Bringing Up Father
- Genre: Radio sitcom
- Running time: 30 minutes
- Country of origin: United States
- Language(s): English
- Syndicates: NBC Blue Network on NBC Radio.
- Starring: Mark Smith, Agnes Moorehead, Neil O'Malley, Helen Shields, Joan Banks, Craig McDonnell.
- Original release: July 1 – September 30, 1941
- Sponsored by: Lever Brothers

= Bringing Up Father (radio) =

1941 American radio sitcom

Bringing Up Father is an American radio situation comedy show based on the comic strip Bringing Up Father by George McManus. It aired from July 1 to September 30, 1941, each Tuesday at 9 p.m. on NBC Radio.
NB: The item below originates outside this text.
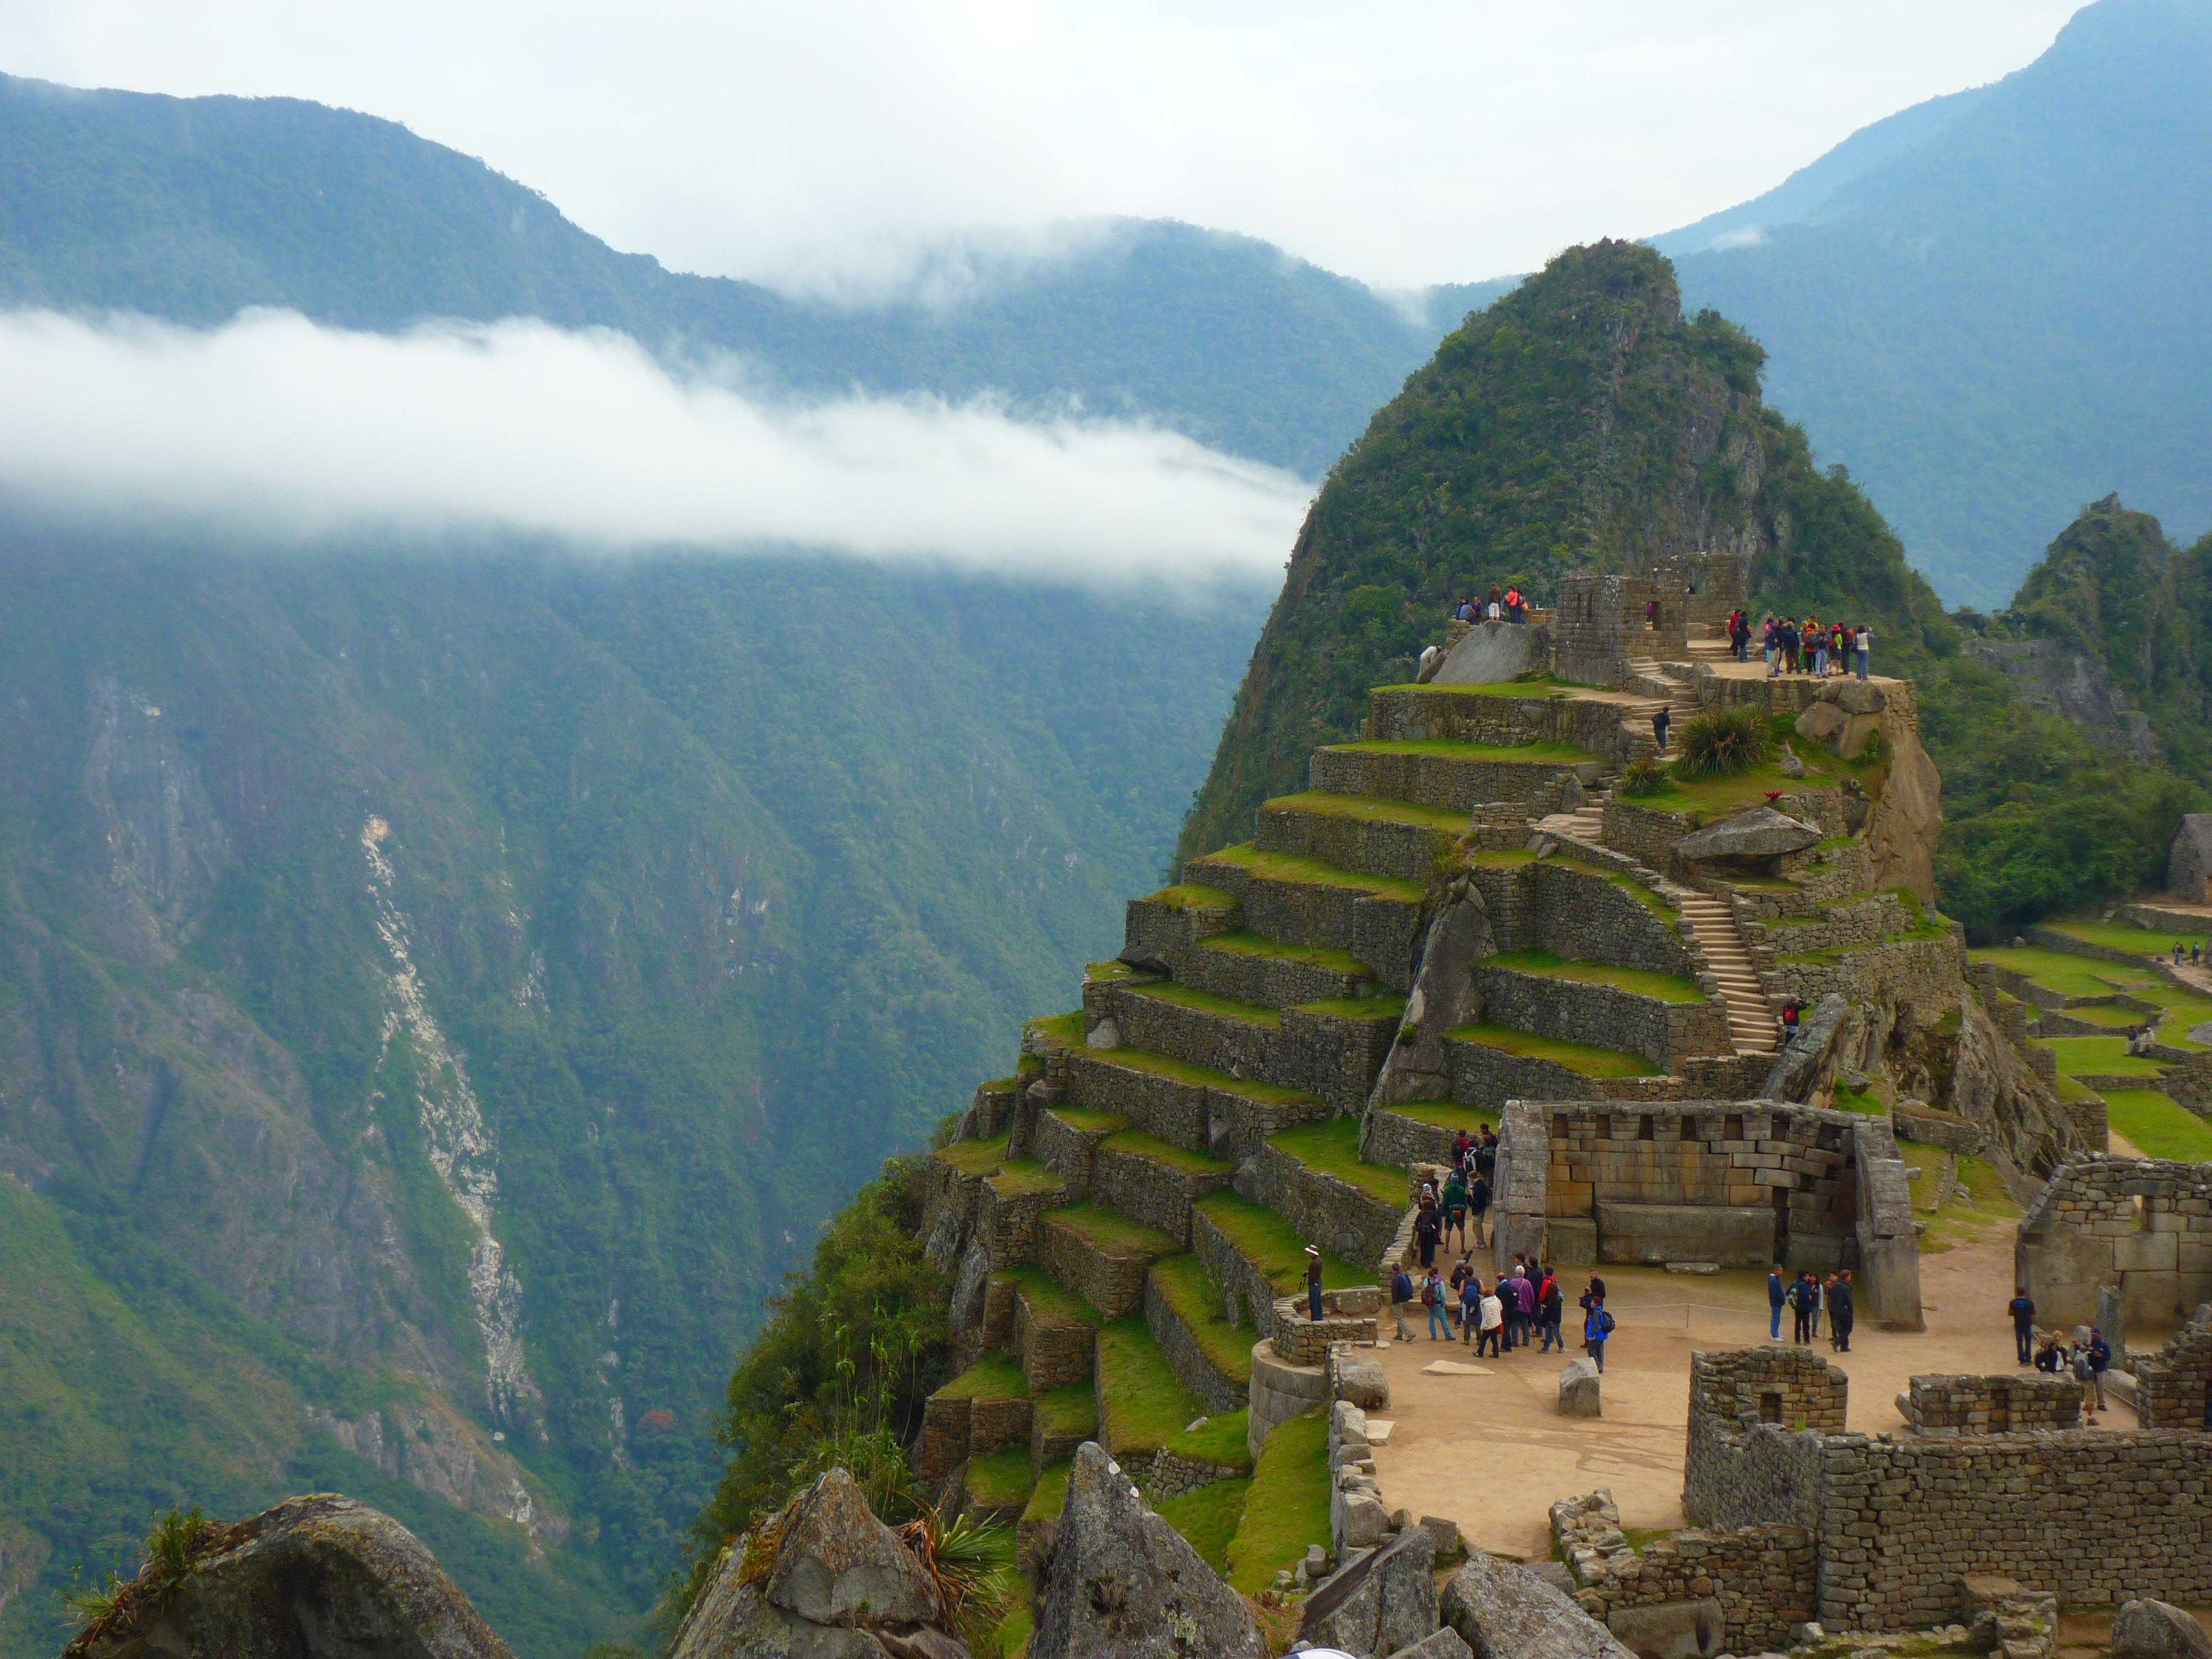 Fotos Gratis Paisaje Montaña Arquitectura Colina

Each episode was a half-hour long. The sponsor was Lever Brothers.

==Plot==

Much like the comic strip each episode featured Jiggs' family in domestic hijinks, with Jiggs usually the victim of his wife's anger.

==Cast==
- Jiggs: Mark Smith, Neil O'Malley.
- Maggie: Agnes Moorehead
- Nora: Helen Shields, Joan Banks
- Dinty Moore: Craig McDonnell

==Theme song==

The music was composed by Merle Kendrick.

Jiggs, stand up and be a man,

Don't let Maggie get under your collar

Jiggs, be a man for once

And stand up and holler

Jiggs, it's time you make your stand

But it's sure not to make us quit singing of "Bringing Up Father"

==Audio example==
Internet Archive: Bringing Up Father

Note: This audio example is actually from the 1931 version of the Bringing Up Father radio show, made under the supervision of the William Morris Agency. The 1931 transcription program of Bringing Up Father was originally broadcast by The Yankee Chain, which consisted of seven New England radio stations operated by the Shepherd Broadcasting Company.